* **Problem to solve**
Reproduce the listing in full, exactly as written, but without images.

* **Material provided**
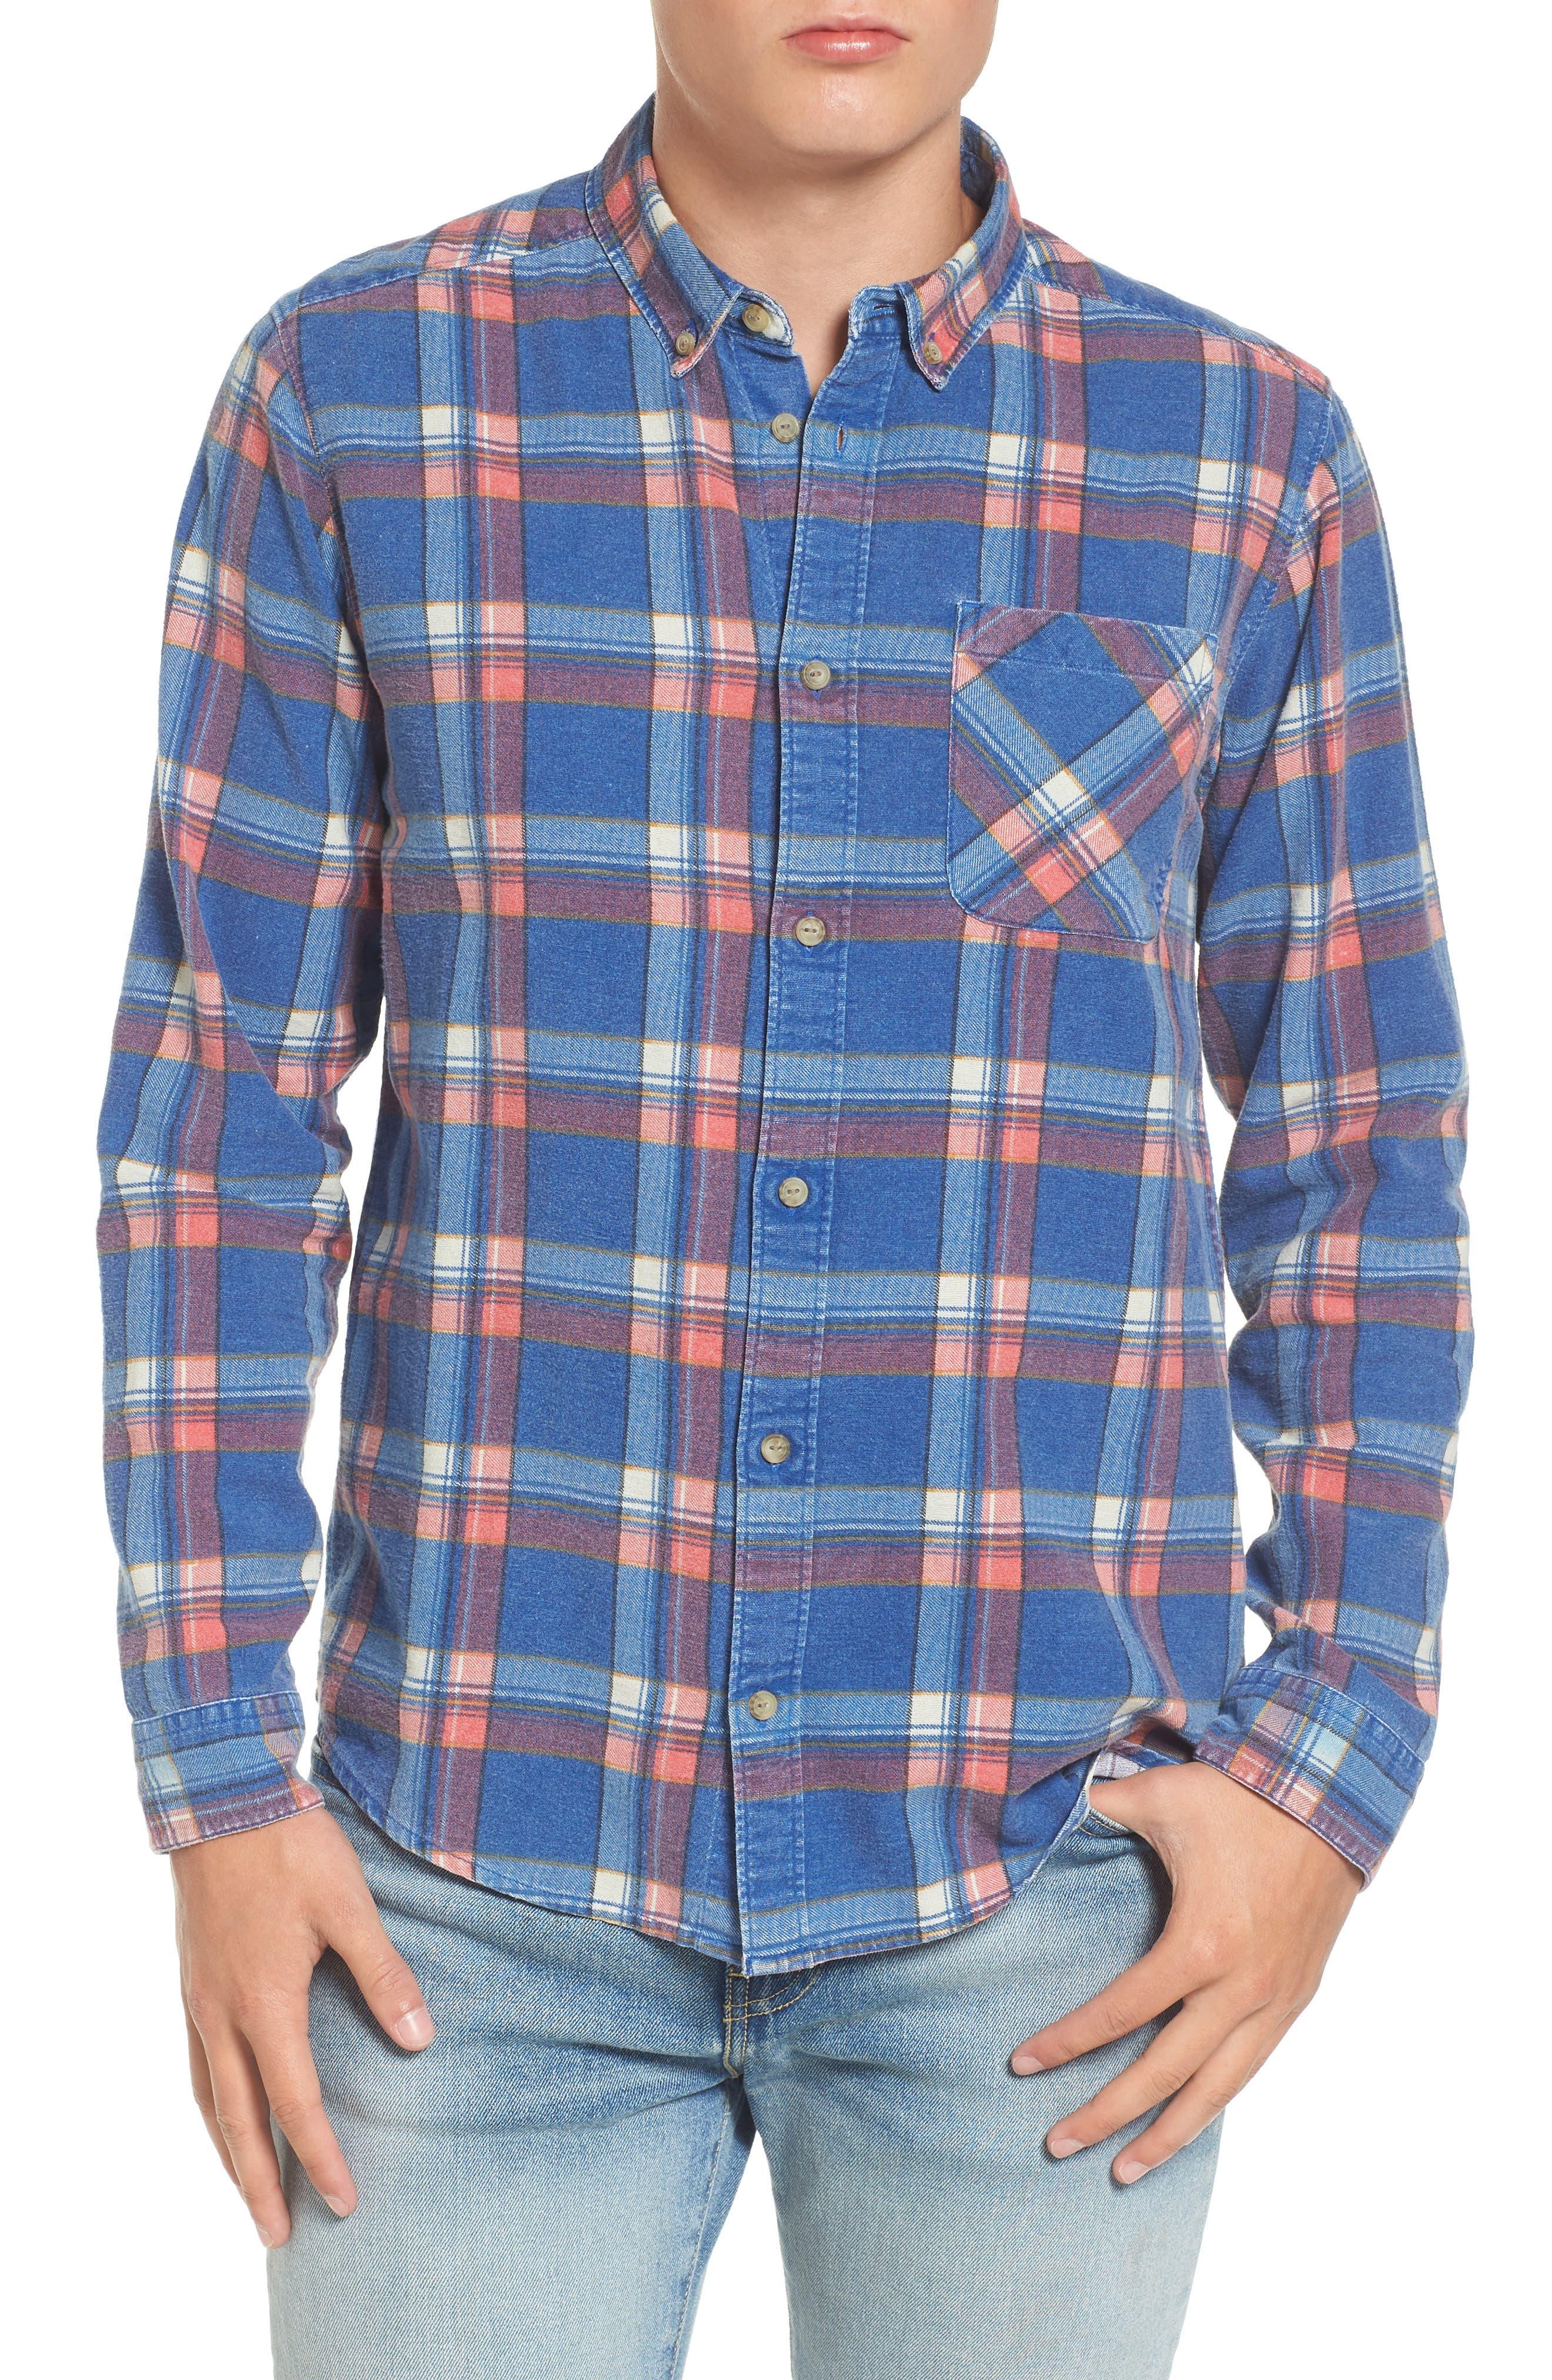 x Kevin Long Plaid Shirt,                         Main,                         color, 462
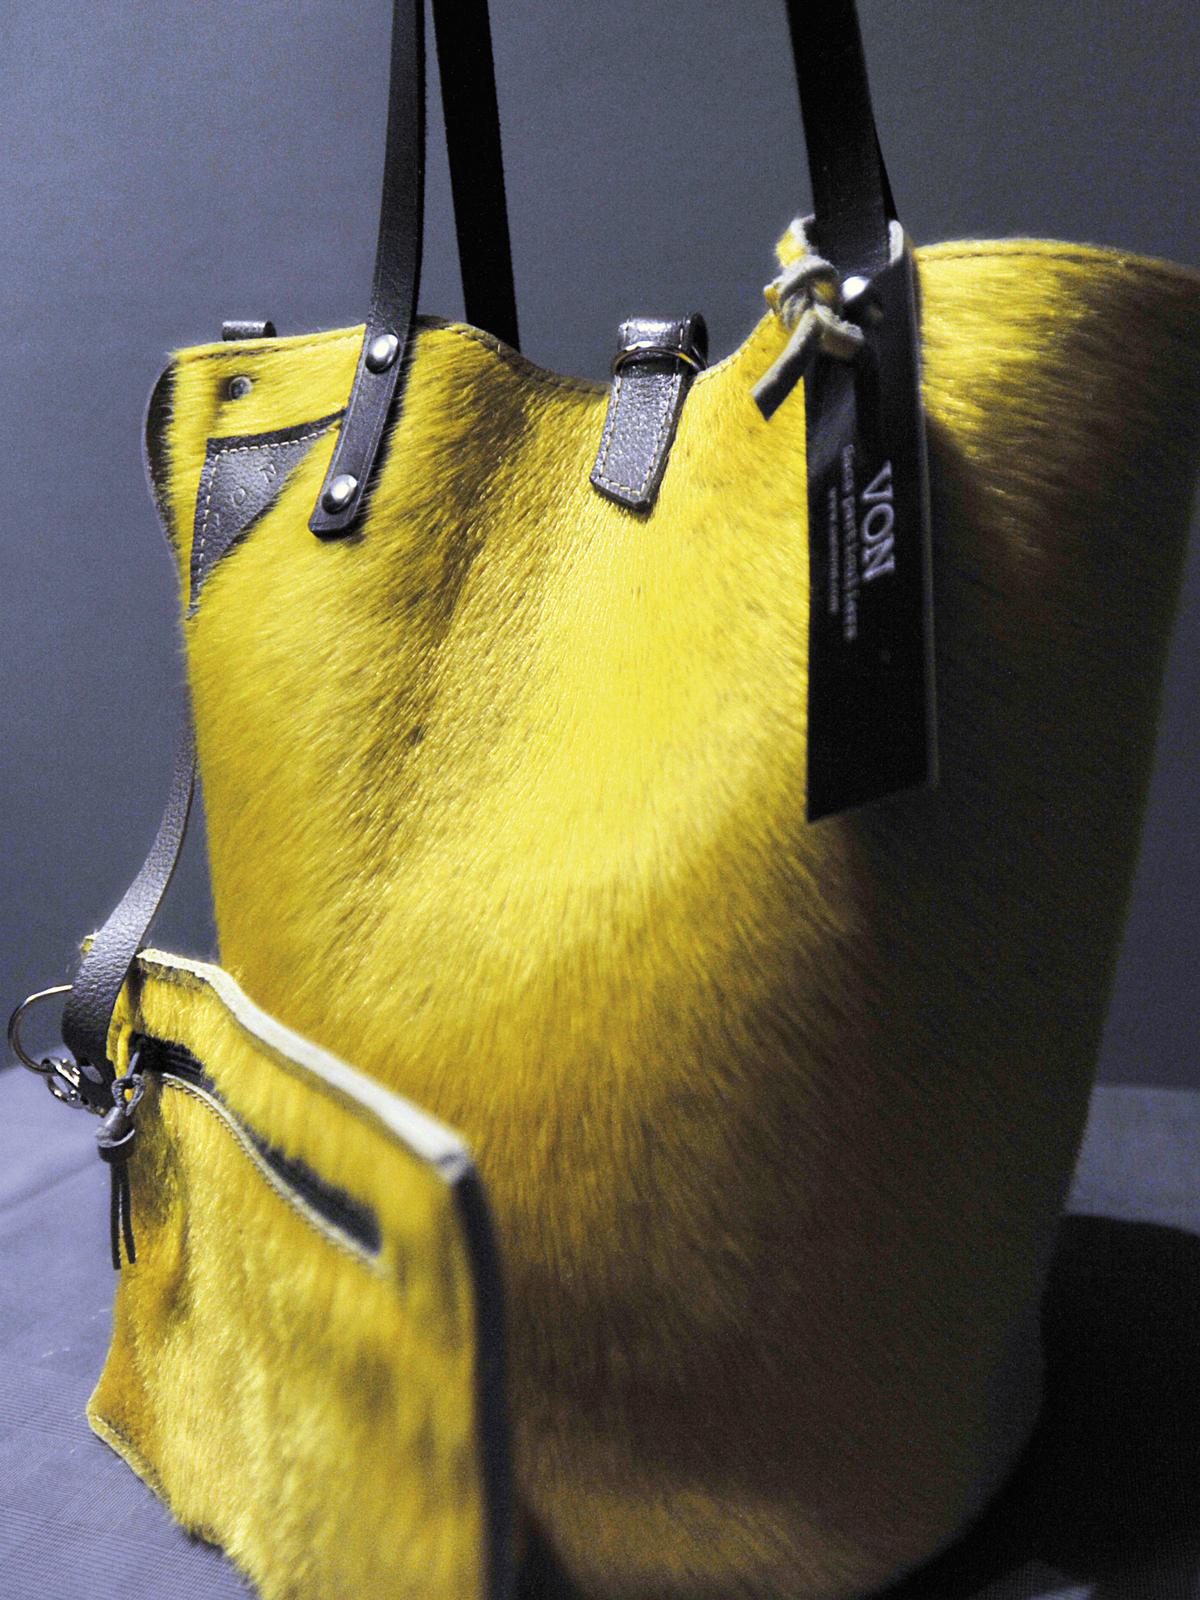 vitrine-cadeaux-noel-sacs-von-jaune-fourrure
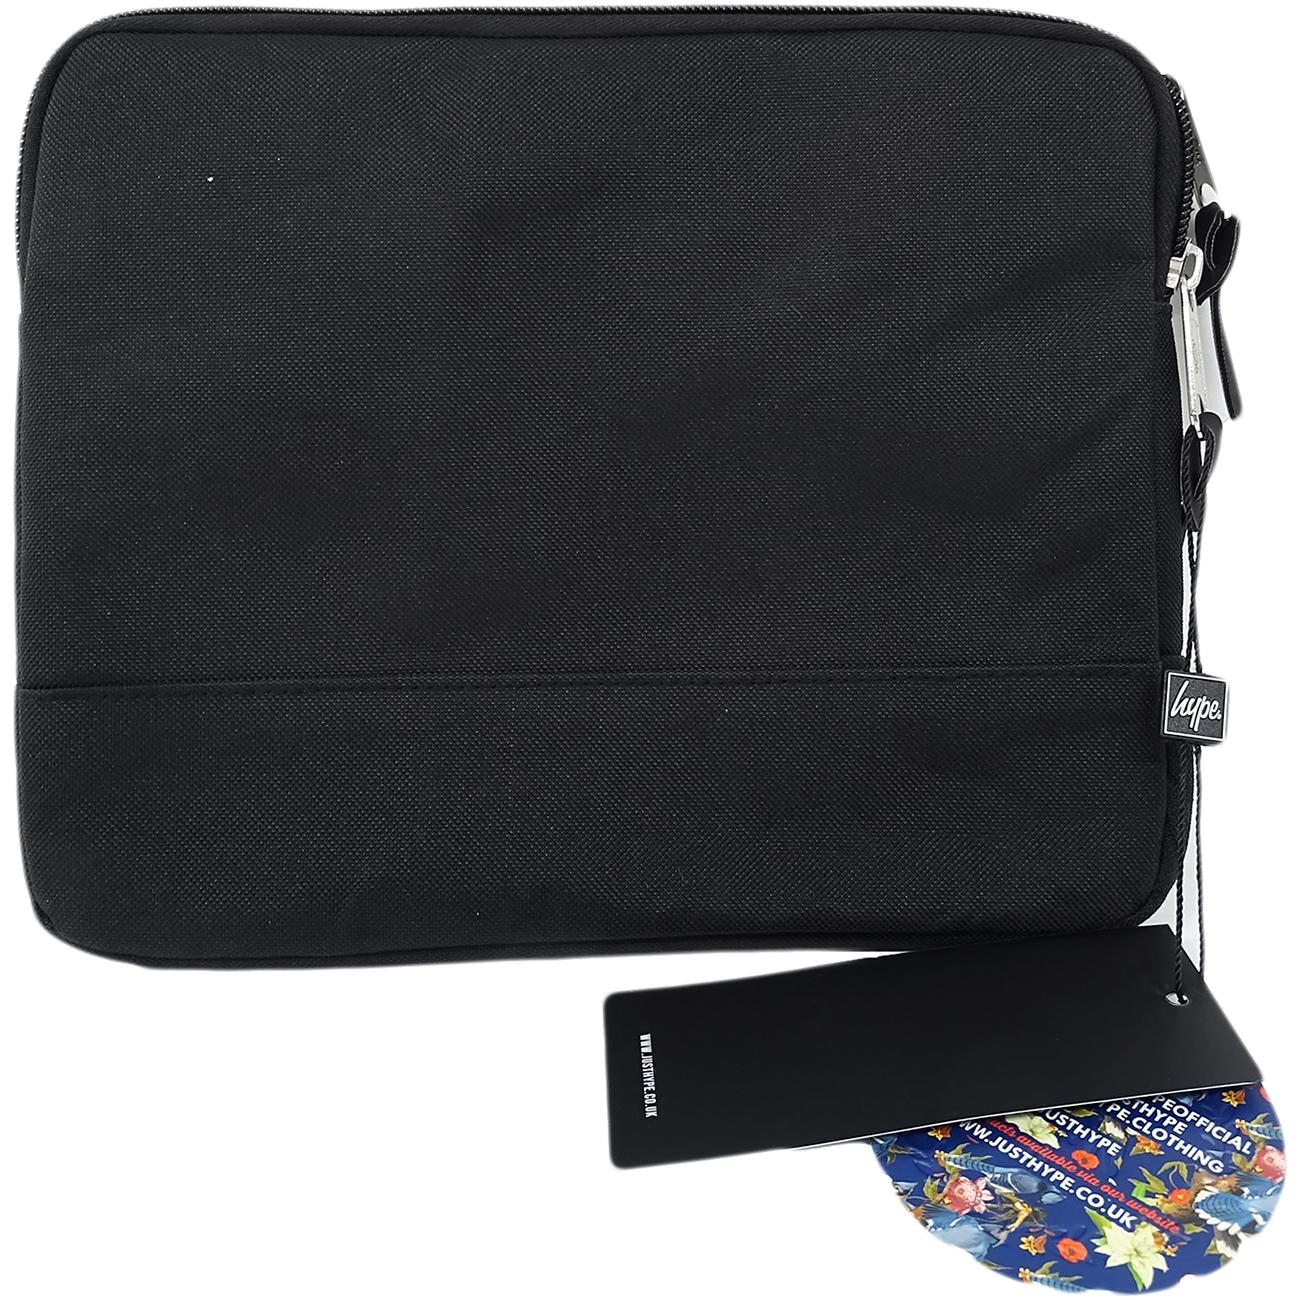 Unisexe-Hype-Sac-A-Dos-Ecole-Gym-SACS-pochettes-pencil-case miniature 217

* **Response area**
 x Kevin Long Plaid Shirt,                         Main,                         color, 462
 vitrine-cadeaux-noel-sacs-von-jaune-fourrure
 Unisexe-Hype-Sac-A-Dos-Ecole-Gym-SACS-pochettes-pencil-case miniature 217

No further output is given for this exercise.